The example texture that Ogre provides for SkyDomes will let you see this clearly. Clear out the SetSkyBox call from CreateScene method and add the following code instead:
mSceneMgr.SetSkyDome(true, "Examples/CloudySky", 5, 8);
When you run this, move the Camera to the dead center of the terrain and move the Camera so that's positioned fairly close to the surface of the terrain (this looks the best). After looking at this, press the "R" button to switch to the mesh view. As you can see, we are still looking at a cube (without the base), but it looks as if the clouds are wrapped around a sphere at the top. Also note that the movement of the clouds is a property of the "Examples/CloudySky" material, not of SkyDomes in general.
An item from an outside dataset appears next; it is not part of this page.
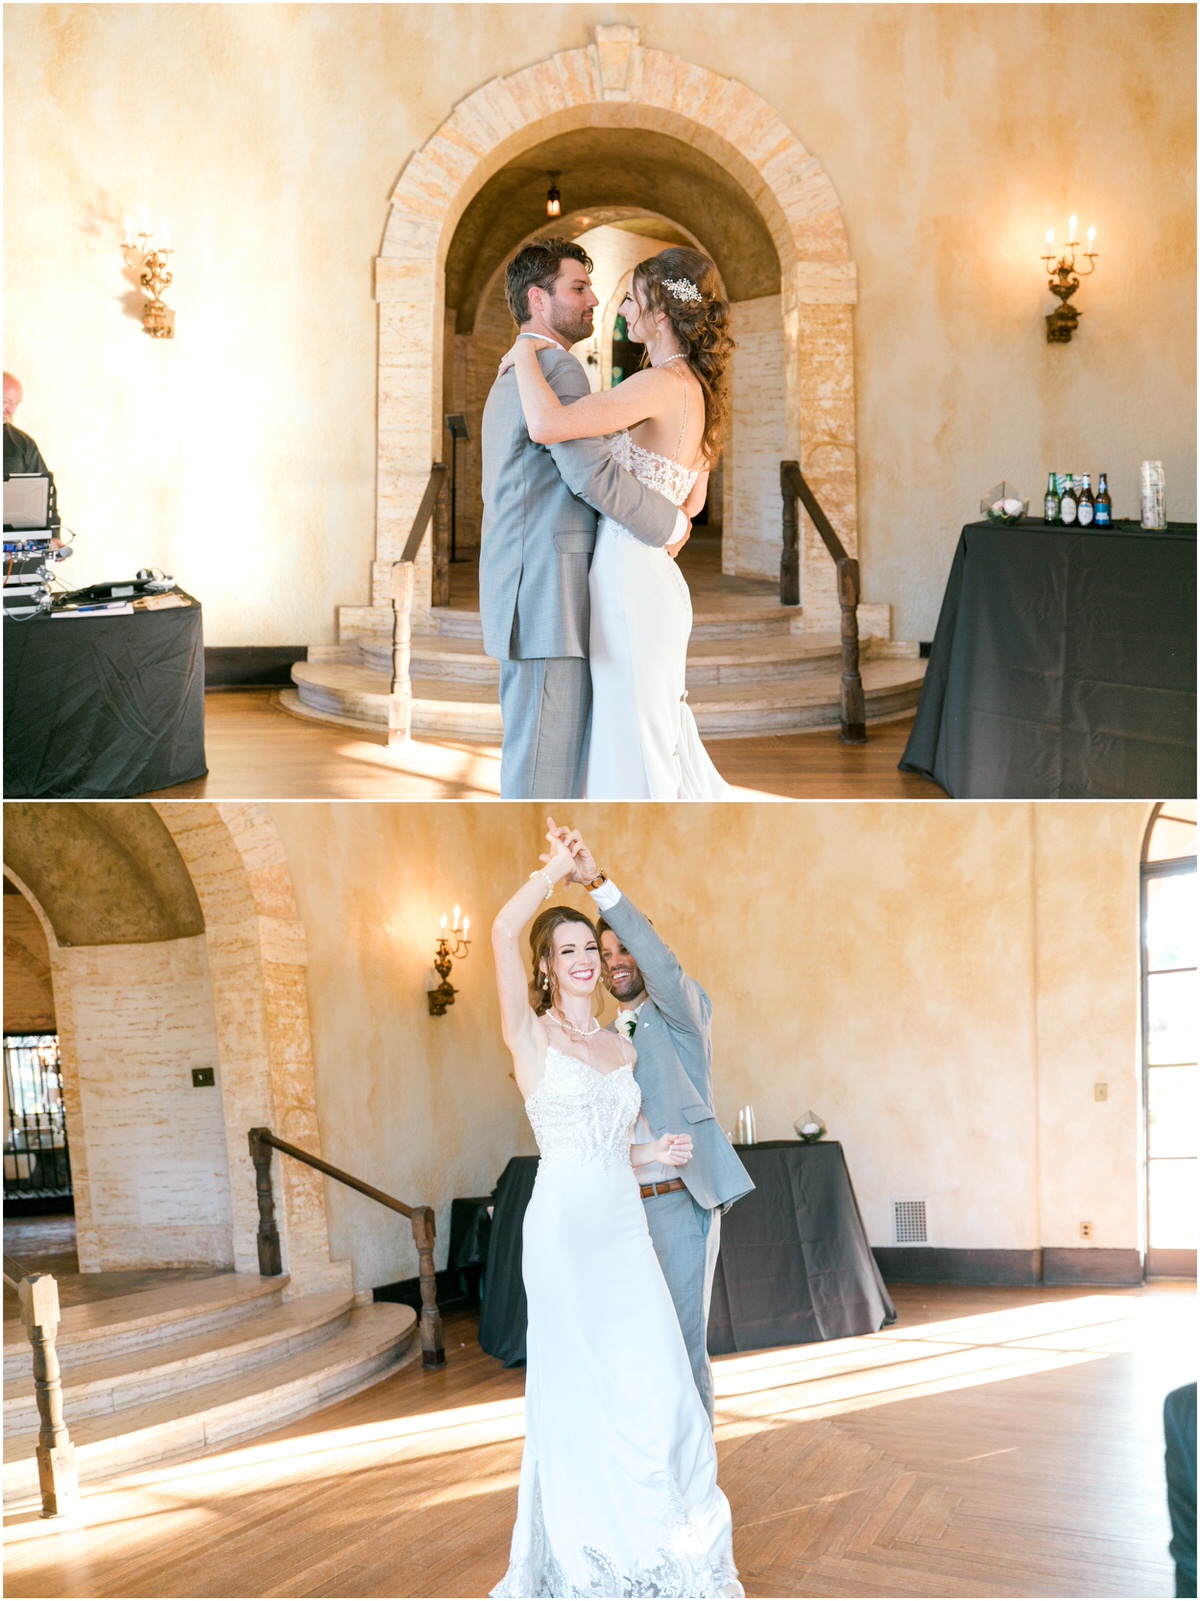 Bride and groom having their first dance as husband and wife
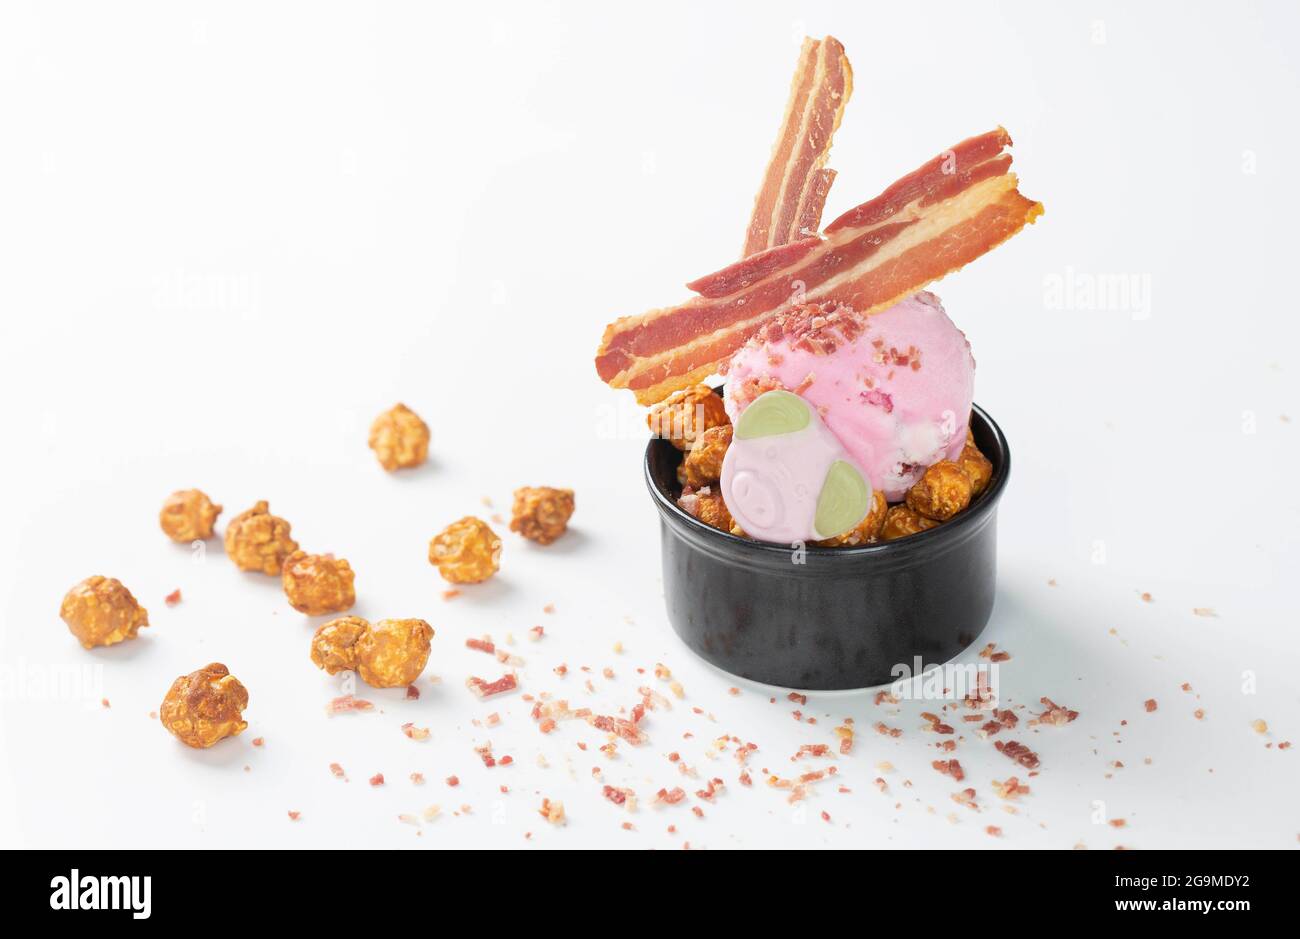 EDITORIAL USE ONLY The 'Don’t be Disgruntled' flavour, featuring Percy Pig ice cream with crunchy bacon bits and a Percy Pig sweet from Ocado's 'A Serving Just for You' menu of 10 new flavours created by Gastro-physicist, Jozef Youssef, which have been scientifically designed to match different moods and occasions. Issue date: Tuesday July 27, 2021. Stock Photo

The first two paramaters of SetSkyDome are the same as SetSkyBox, and you can turn the SkyDome off by calling 'mSceneMgr.SetSkyDome(false, "");'. The third parameter is the curvature used for the SkyDome. The API reference suggests using values between 2 and 65. lower for better distance effect, but higher values for less distortion and a smoother effect. Try setting the third paramater to 2 and 65 and look at the difference. The distance effect that the API reference was referring to can be clearly seen in these screenshots. This is setting the curvature to 2:
This is setting the curvature to 64:
The fourth parameter is the number of times the texture is tiled, which you will need to tweak depending on the size of your texture. Be sure to note that this parameter is a Real value (floating point) and not an integer. You can tile it 1.234 times, if that's what looks good for your application. The fifth and sixth parameters are distance and drawFirst, respectively, which we have already covered in the SkyBox section.
SkyPlanes
SkyPlanes are very different from SkyBoxes and SkyDomes. Instead of a cube to render the sky texture on, we use just a single plane. (Note for all of the following SkyPlane configurations you need to be somewhere towards the middle of the terrain and close to the ground.) The first thing we are going to do is create a plane, and face it downwards. The SetSkyPlane method that we will be calling does not have a distance parameter like SkyBox and SkyPlane. Instead that parameter is set in the d variable of Plane.
Replace the SkyDome code in the CreateScene method with the following code:
Plane plane; plane.d = 1000; plane.normal = Vector3.NEGATIVE_UNIT_Y;
Now that we have the plane defined, we can create the SkyPlane. Note that the fourth parameter is the size of the SkyPlane (in this case 1500x1500 units) and the fifth parameter is how many times to tile the texture:
mSceneMgr.SetSkyPlane(true, plane, "Examples/SpaceSkyPlane", 1500, 75);